The results produced includes the entire secretome ordered in the likelihood of the sequence encoding a neuropeptide. As such, it is expected that you only need to analyse the top half of the results.
Importantly, NpSearch produces a highly visual html file where the signal peptide and potential cleavage sites are highlighted. Additionally, NpSearch produces a fasta file of the results (i.e. the ordered secretome) that can easily be used in your own pipelines.
If you use this program, please cite us:
>Moghul I, Rowe M, Priyam A, ELphick M & Wurm Y (in prep) NpSearch: A Tool to Identify Novel Neuropeptides
NpSearch requires an input of a transcriptomic or predicted proteomic dataset, where each sequence is analysed and awarded a relative score of its likelihood of encoding a neuropeptide precursor. When provided with transcriptomic data, NpSearch translates each contig in all six frames and thereafter extracts all potential open reading frame (methionine to stop codon). Each predicted protein sequence is then analysed for the following neuropeptide-related characteristics:
**Signal peptide**: All neuropeptide precursors must have a signal peptide. This is due to the fact that the final bioactive neuropeptide has to be secreted from the cell of synthesis in order to be functionally active.
**Cleavage sites**: Being derived from a precursor, the bioactive neuropeptide has to be cleaved out from the precursor. Prohormone convertase enzymes cleave these bioactive peptides at specific cleavage sites. As certain cleavage motifs are more likely to be cleaved than other cleavage motifs, NpSearch awards sequences based on the type and number of cleavage sites present.

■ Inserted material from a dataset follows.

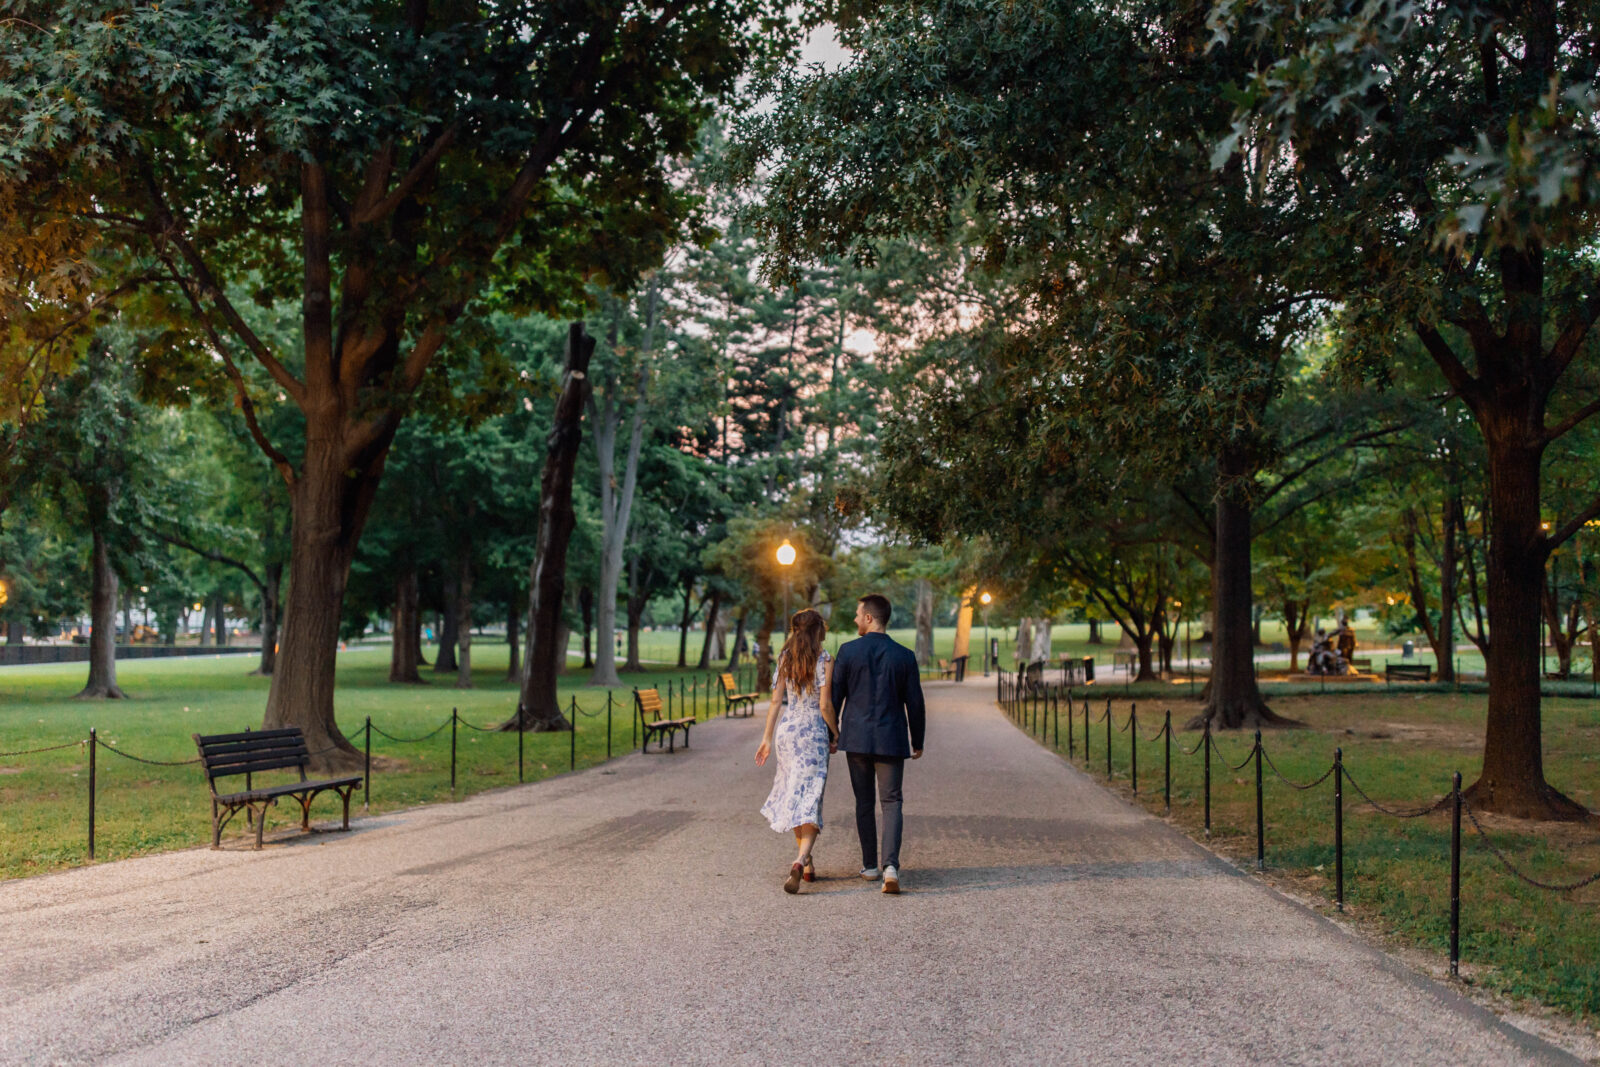 Romantic walk in the park during Washington D.C. Engagement Photo Session. True to color, cinematic photography

**C-terminal Glycine**: A significant number of bioactive neuropeptides have a C-terminal glycine that is amidated during post-translation modification. Thus such sequences are awarded with a higher score.
**Repeated peptides**: Numerous neuropeptide precursors are made up of multiple copies of the same neuropeptide. NpSearch attempts to clustering all potential cleaved neuropeptides, and then awarding sequences that produce larger clusters with a higher score.
**Acidic spacer regions**: Neuropeptide precursors that contain multiple neuropeptide copies tend to have highly acidic regions that separate these copies. If detected by NpSearch, the sequence is awarded with a higher score.
After analysing each sequence in the input dataset, NpSearch produces a visual html file and a fasta file, where sequences that are more likely to encode a neuropeptides precursor are placed at the top of the file. These results files can then be easily inspected and curated by researchers.
## Installation
### Installation Requirements
* Ruby (>= 2.0.0)
* SignalP 4.1.*z (Available from [here](http://www.cbs.dtu.dk/cgi-bin/nph-sw_request?signalp))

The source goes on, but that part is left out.